Yes, you can keep reading - it's not about the 'dirty laundry' - this laundry is actually quite clean.
I do my laundry. And like
kj, I am
allergic to putting it away.
After you do all the work to sort it, wash it, dry it, sort it again, fold it,
yada yada yada - I cannot seem to bring myself to put it away.
His, that is.
I put the kids' away. I put mine away. I put the bathroom and kitchen laundry away. I even put his laundry that goes into drawers away. But whenever I think about opening his closet door, I just simply cannot.
I think to myself, 'It will only take 5 minutes of his time. Surely he can do that...'
Then I dump it neatly in the bathtub and walk away.
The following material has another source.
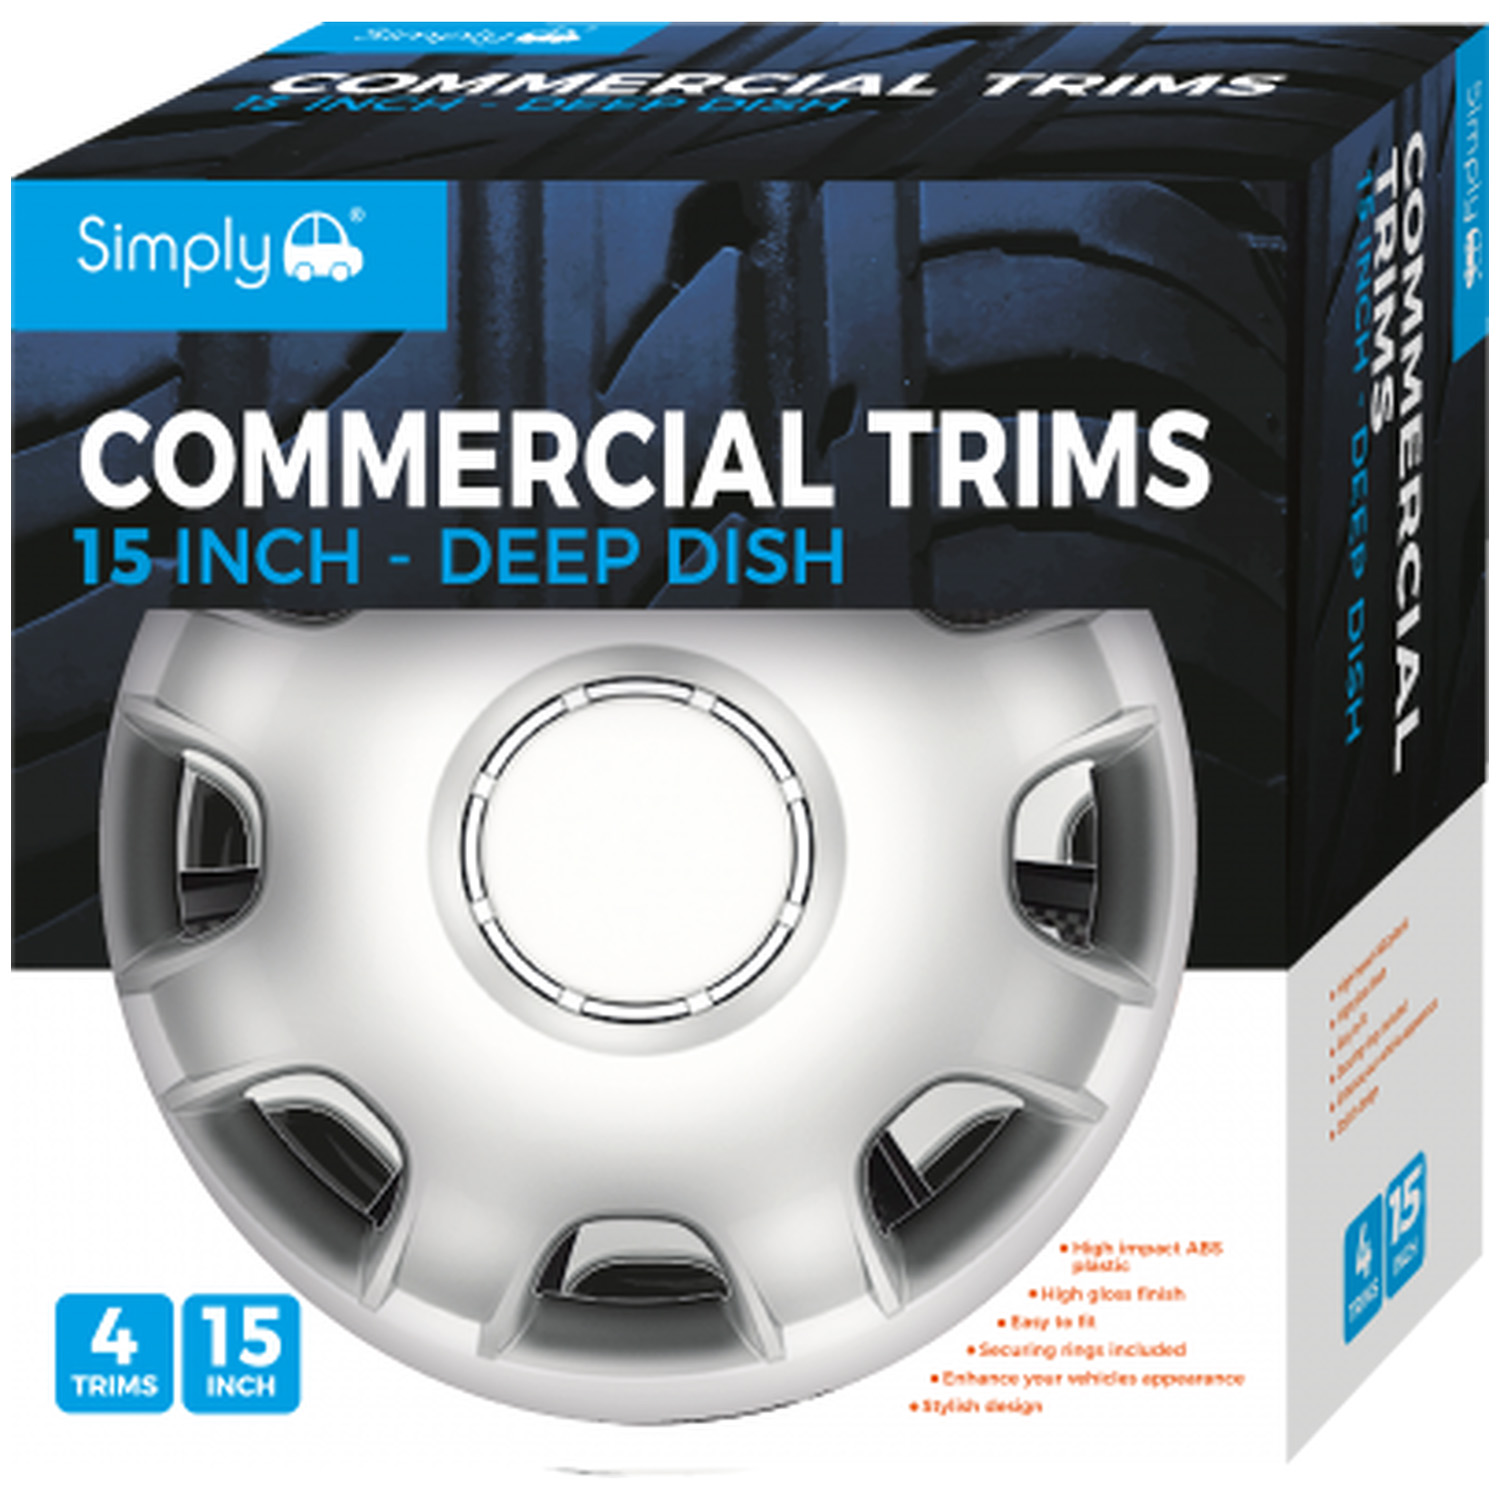 Simply Auto 15 inch Brawn Commercial Wheel Trims Image 1
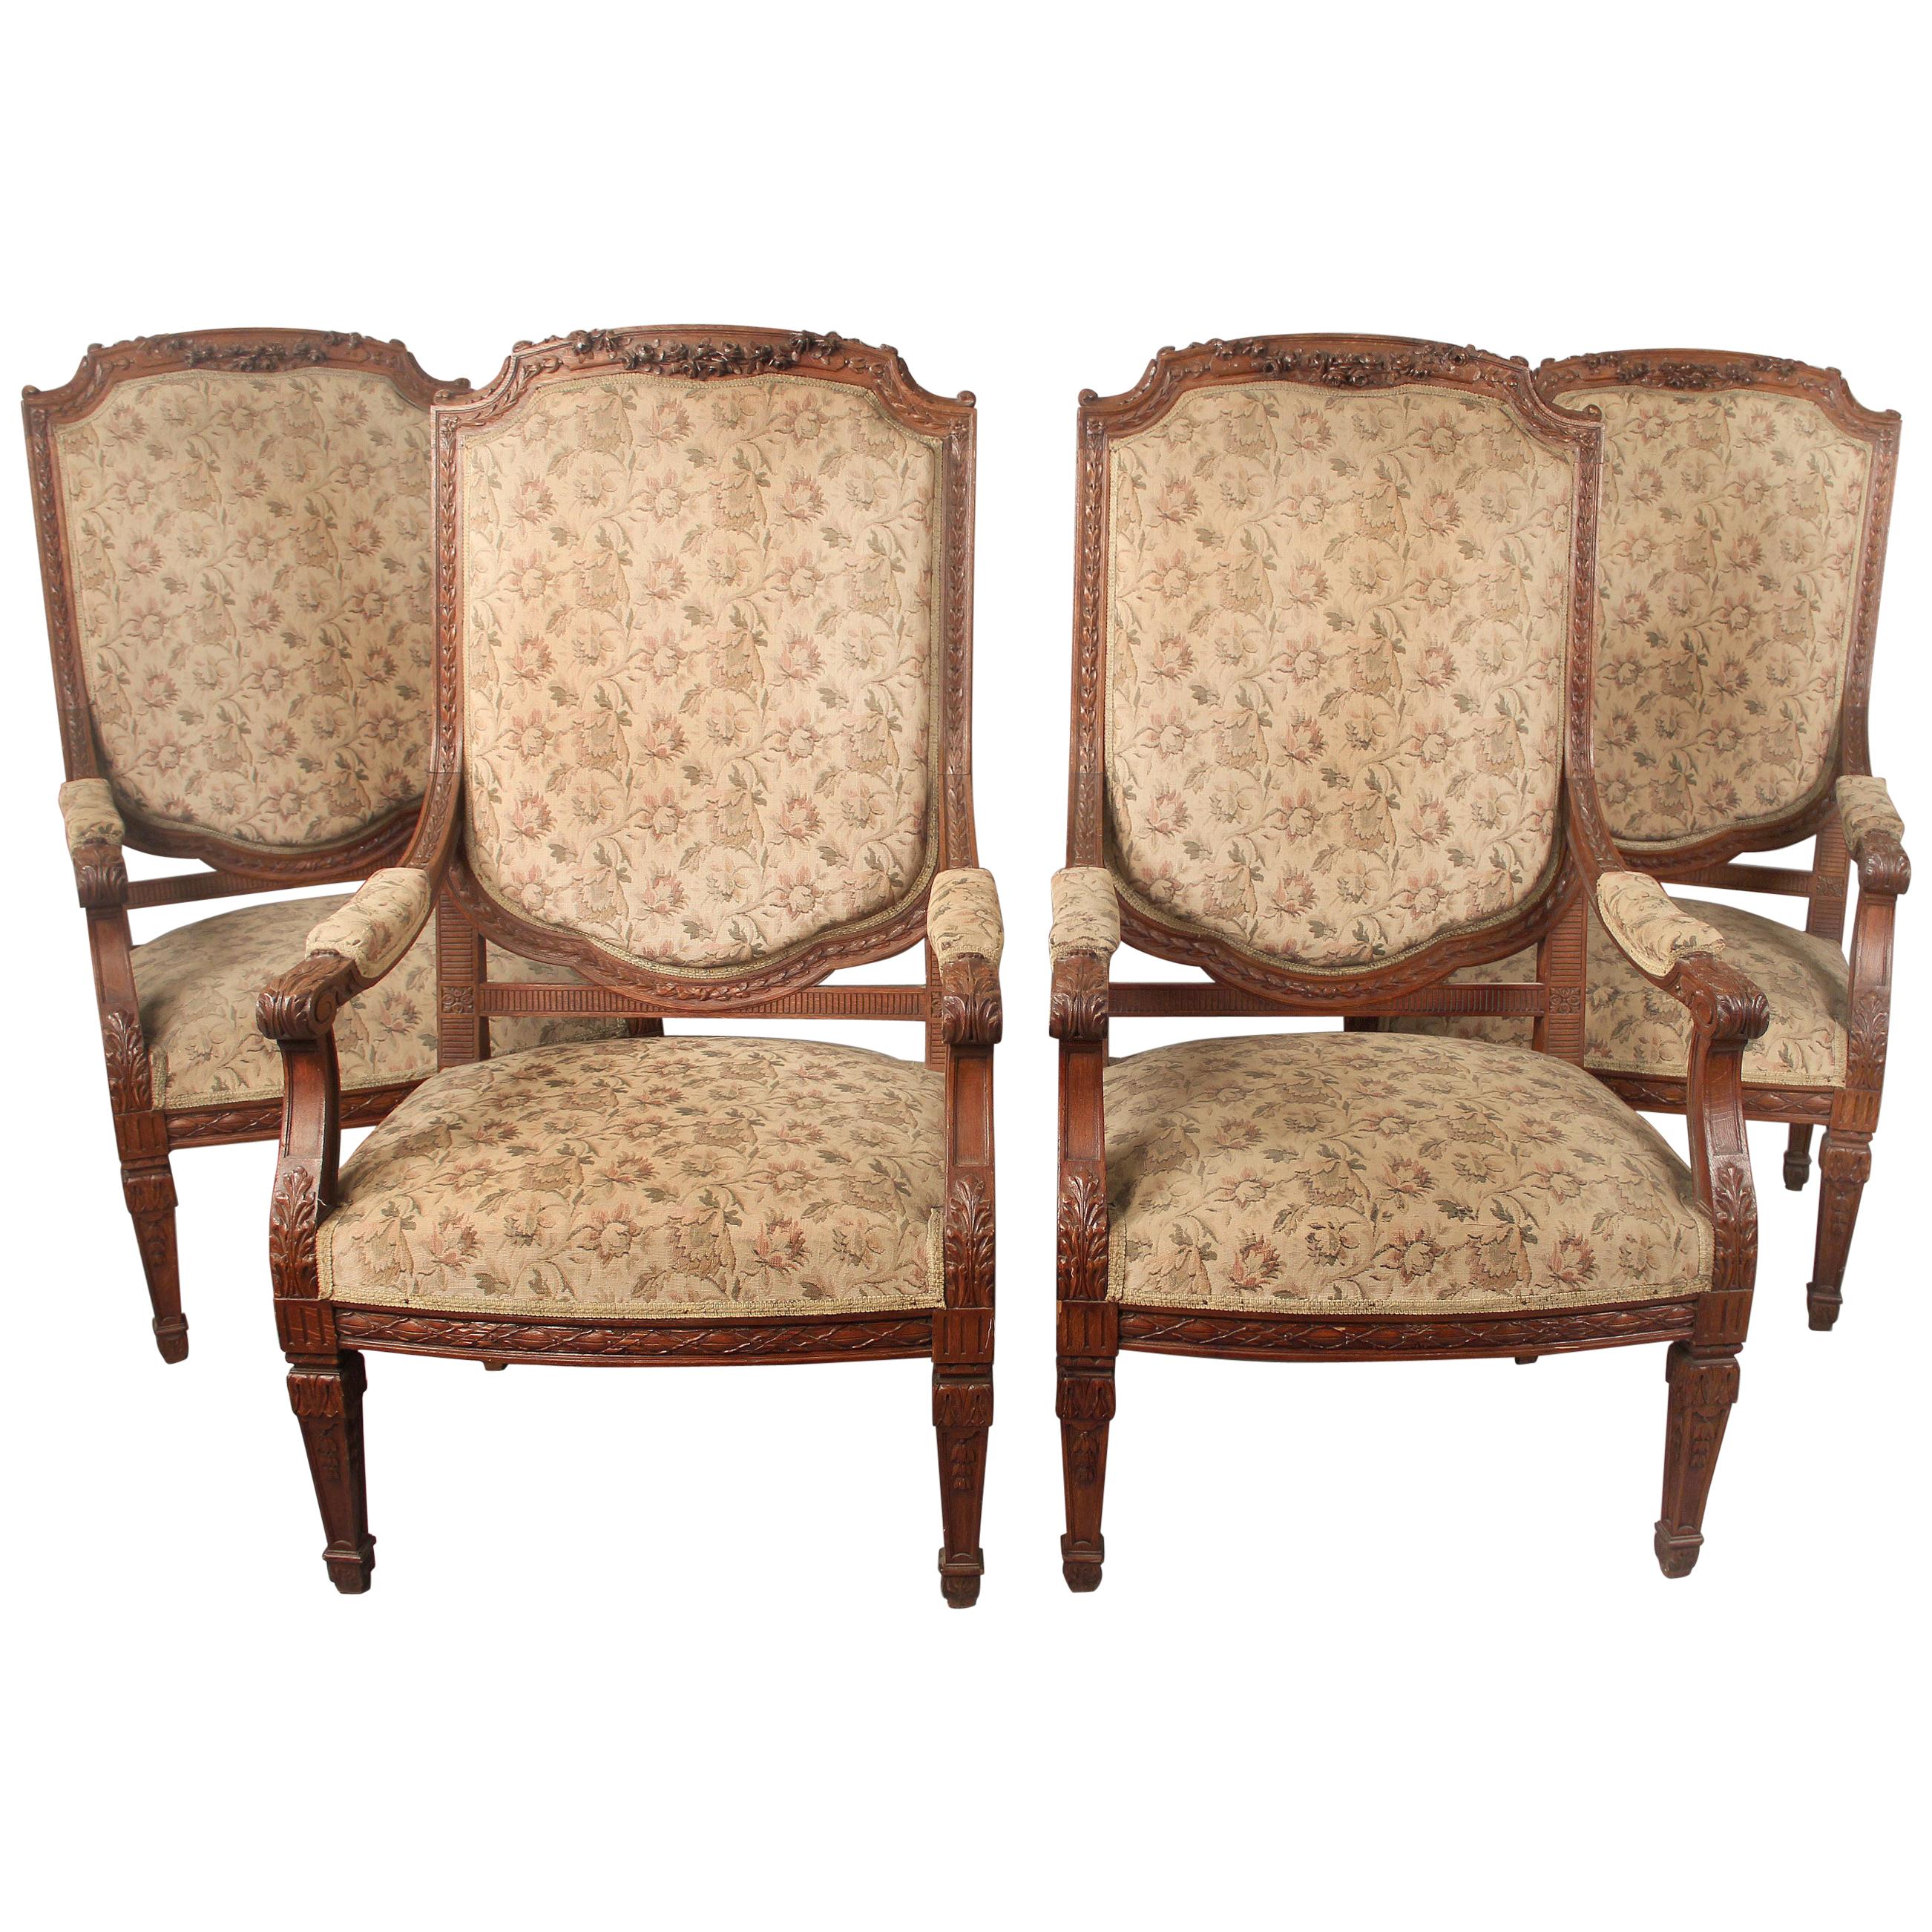 Impressive Set of Four Late 19th Century Louis XVI Style Carved Armchairs

I ask him when he gets home to "put it away when you get the chance."
He says he will.
I ask him in the same sweet tone of voice to put his laundry away every day for the next few weeks.
He says he will - never changing his tone either.
We civilly, silently, and passively 'argue' over whose job it is to put away his laundry for weeks that turn into months. Until one day,
somebody gives in
.I have always been that
somebody.
In earlier years of our marriage, I did this menial task without so much as grumbling on most days. Now that I am a bit more sturdy in my beliefs about household chore sharing, I have grown the proverbial 'laundry putting away' backbone. You hadn't heard of such a backbone?
Oh yes, it does exist - and I am the proud new owner of one!
So I stand before you today, a woman with a new badge.
I was not the "somebody who gave in" for the first time in our marriage.
He put his
laundry away.
After a month and a half.
I have finally outlasted him.
At least with regard to clean laundry.